# Rear brakes



## stevem5000 (Apr 16, 2003)

96 Altima...

To get the rear drums off, you need to little bolts to screw into the drum and pull it off...

Anyone know the size of the bolts???

I tried 7mm, but the thread pitch wasn't correct...and I don't think its American size...bigger than 1/4-20...

Thanx
Steve


----------



## Asleep (Jan 19, 2003)

its gonna be metric for sure and im trying to find the thread where the question was answered on another board... i seem to remember it being the same bolt as the ones in your hood hinges... i cant be sure though. i keep all of my bolts when in install something and i think thats where those came from that i used on my rotors when i had to pull them. theyll be the same ones for your drums too.


----------



## chuck34gboro (Jun 7, 2003)

ball-pien hammer


----------



## Asleep (Jan 19, 2003)

lol.


----------



## stevem5000 (Apr 16, 2003)

Got it...

8mm course thread...was hard to find as most of the metric sizes at Home Depot are a fine thread...

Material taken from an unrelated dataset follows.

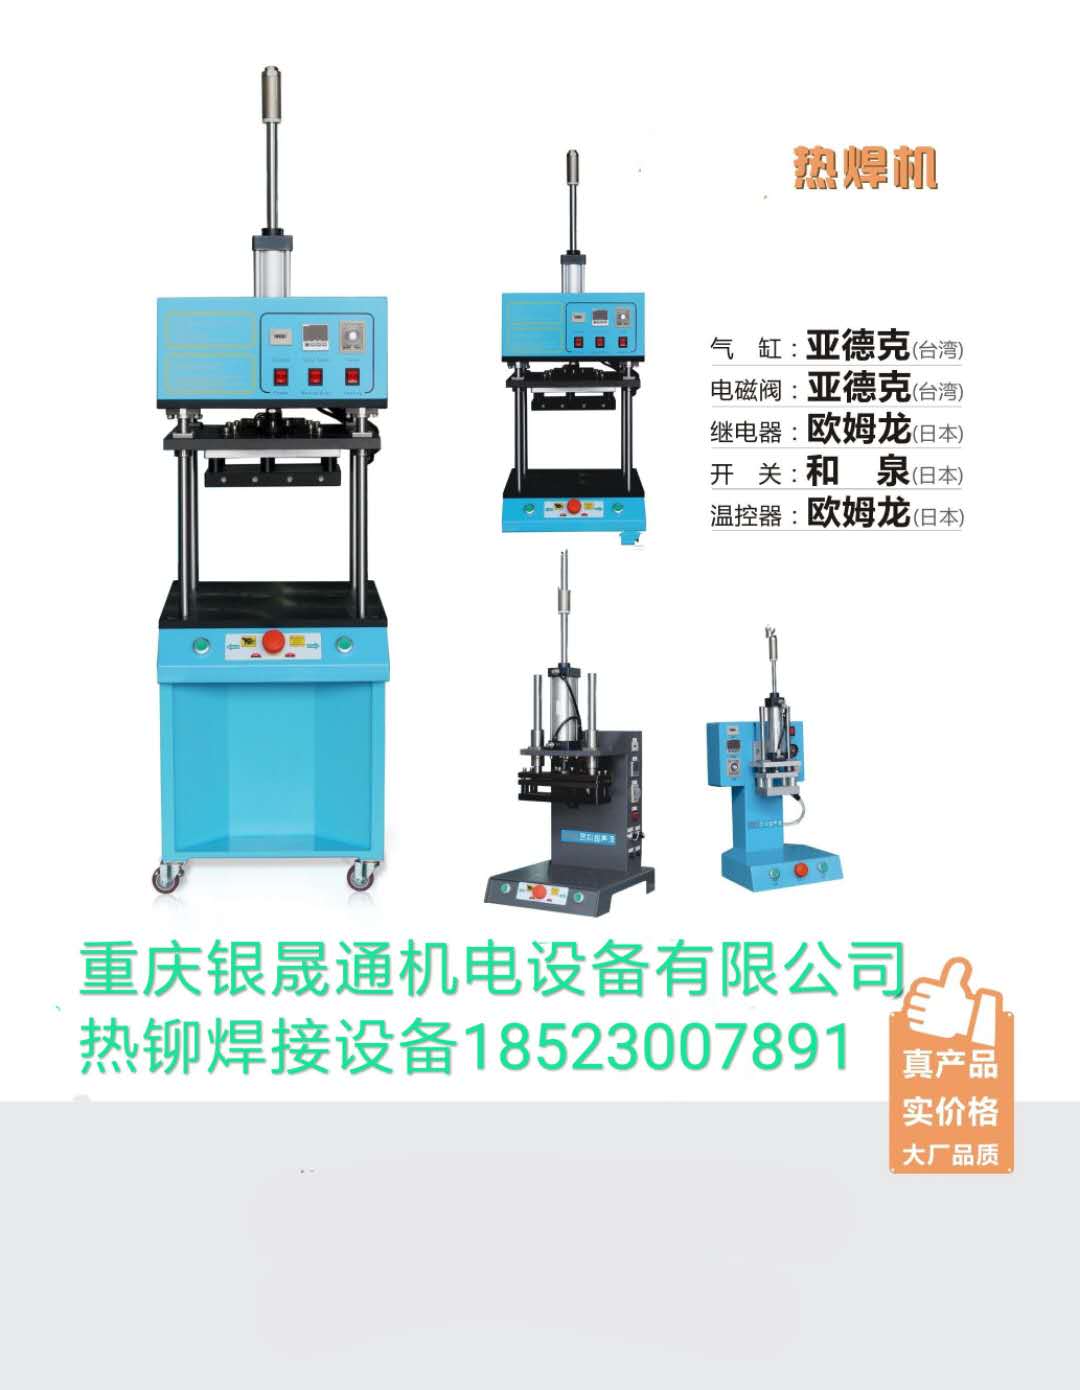 重庆超声波焊接设备厂家定制、重庆超声波焊接设备售后维修、超声波焊接设备

Ace Hardware...you my man!!!


----------



## lakers (Dec 6, 2004)

*Tool information*



stevem5000 said:


> Got it...
> 
> 8mm course thread...was hard to find as most of the metric sizes at Home Depot are a fine thread...
> 
> Ace Hardware...you my man!!!


Hi Buddy,

I have a same situation for fixing my rear brakes and I saw a screws on the drum. can you tell me what type of tool require to pull them out. I am going to try tonight fix it. I want to know do i have a tool or i need to buy. 

Thanks


----------



## stevem5000 (Apr 16, 2003)

Hey...

Read the posts...

You screw in an 8mm bolt into the little holes on the drum...this forces the drum off the axel...

steve


----------



## lakers (Dec 6, 2004)

stevem5000 said:


> Hey...
> 
> Read the posts...
> 
> ...


Hi Stevem5000,

Thanks a lot,

Finally I followed your guidance which worked very good. I bought 8mm bolt from ACE hardware store. I came out OK. Thank you again. Help me a lot.

Lakers


----------



## Asleep (Jan 19, 2003)

very nice, everyones happy.


----------